寧安確認了眼前的真實,笑容在嘴角漾開,她側頭望向了窗外,幾顆高大的綠樹茁壯成長,清風徐來撫動樹葉微微作響。
這一切才是真實的。
左遠眼裡含著一圈水汽,鼻尖發紅,激動的心久久沒有平複,“安安,等好了我就一直守著你,哪兒也不去。”
“嗯?這是為何?”寧安被驚的轉回頭,“你好不容易實現了你的夢想,為什麽要因為我而改變,我不想當你的累贅。”
向越鳴聞言一拍左遠的肩,笑的沒心沒肺:“同桌,他高興壞了,你這睡得大半年他還是一樣在醫院裡工作,忙完了就來看你。”
寧安如釋重負的笑了,許是剛醒沒了力氣,眼睛又要閉了,氣若遊絲:“那就好……那就好”
左遠看到了寧安的疲倦,小聲叮囑向越鳴先離開,握著寧安的手小聲哄她入睡。
寧安這一醒來幾乎就從閻王殿回來了,後面身體就慢慢恢復,不過動手術的行程就又得往後擱了。
寧安在醫院休養了一個半月,冬天就又要到來了,左遠在房間裡給她端著熱湯,笑著調侃:“馬上就又要入冬了,我都快24了。”

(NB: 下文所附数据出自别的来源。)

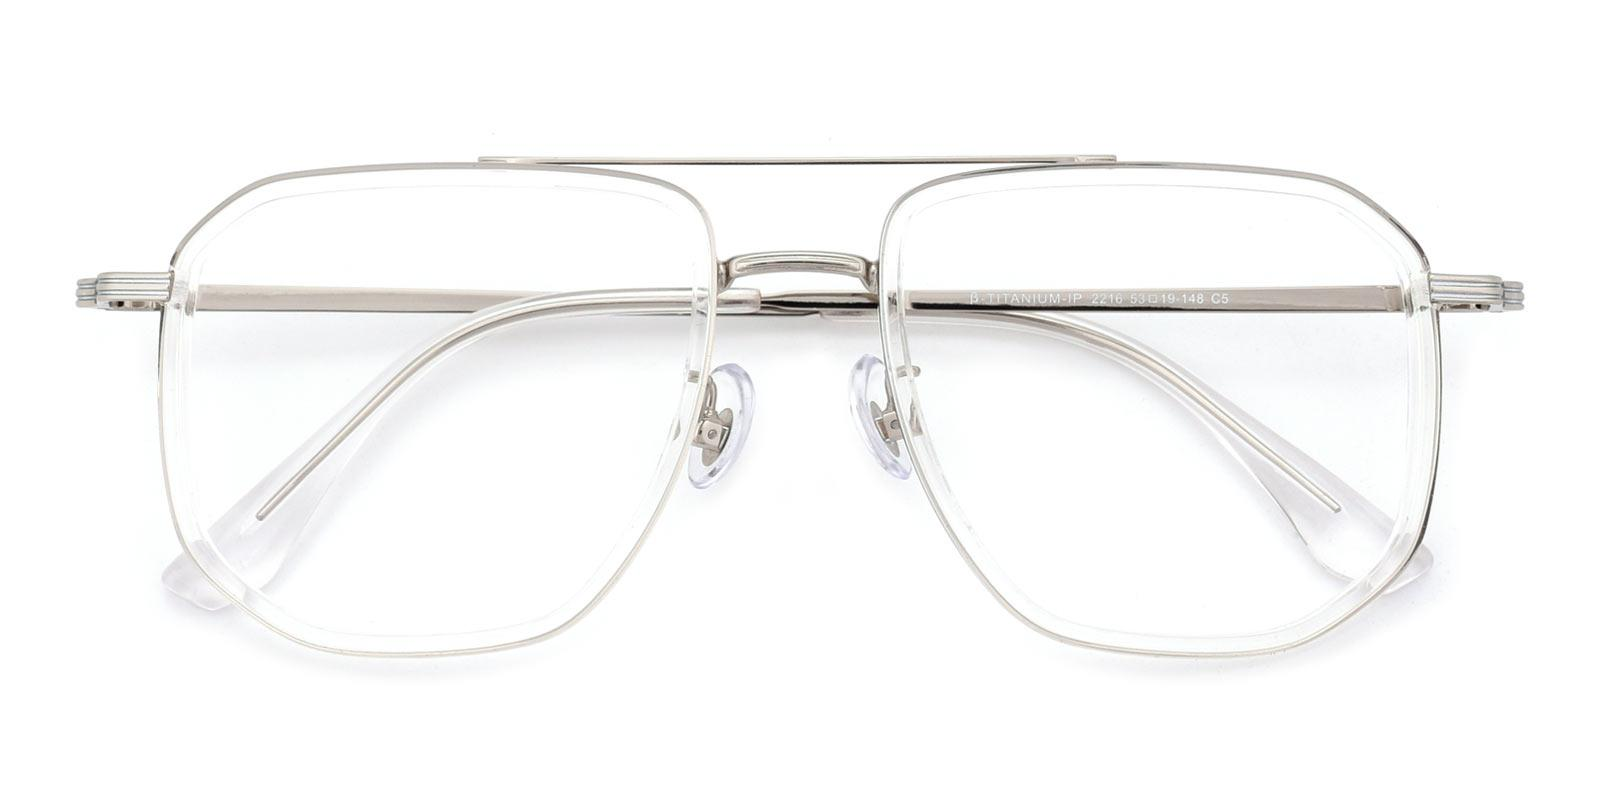 Titan-Translucent-Aviator / Square-TR-Eyeglasses-detail

寧安站在窗前慢慢走過來,笑的溫柔:“是啊,以前的時光仿佛還在昨天。”
左遠將湯放好後,過來牽著她的手走到白色長桌前,看著她又嬌又怪,“還不是你睡這麽久,錯過那麽多的時間。”撒嬌的語氣活像一隻狐狸,勾住了人心
寧安想到了夢中自私的自己,羞赧的有些不好意思看他,閉著眼說:“沒有,現在不是都好了嗎?”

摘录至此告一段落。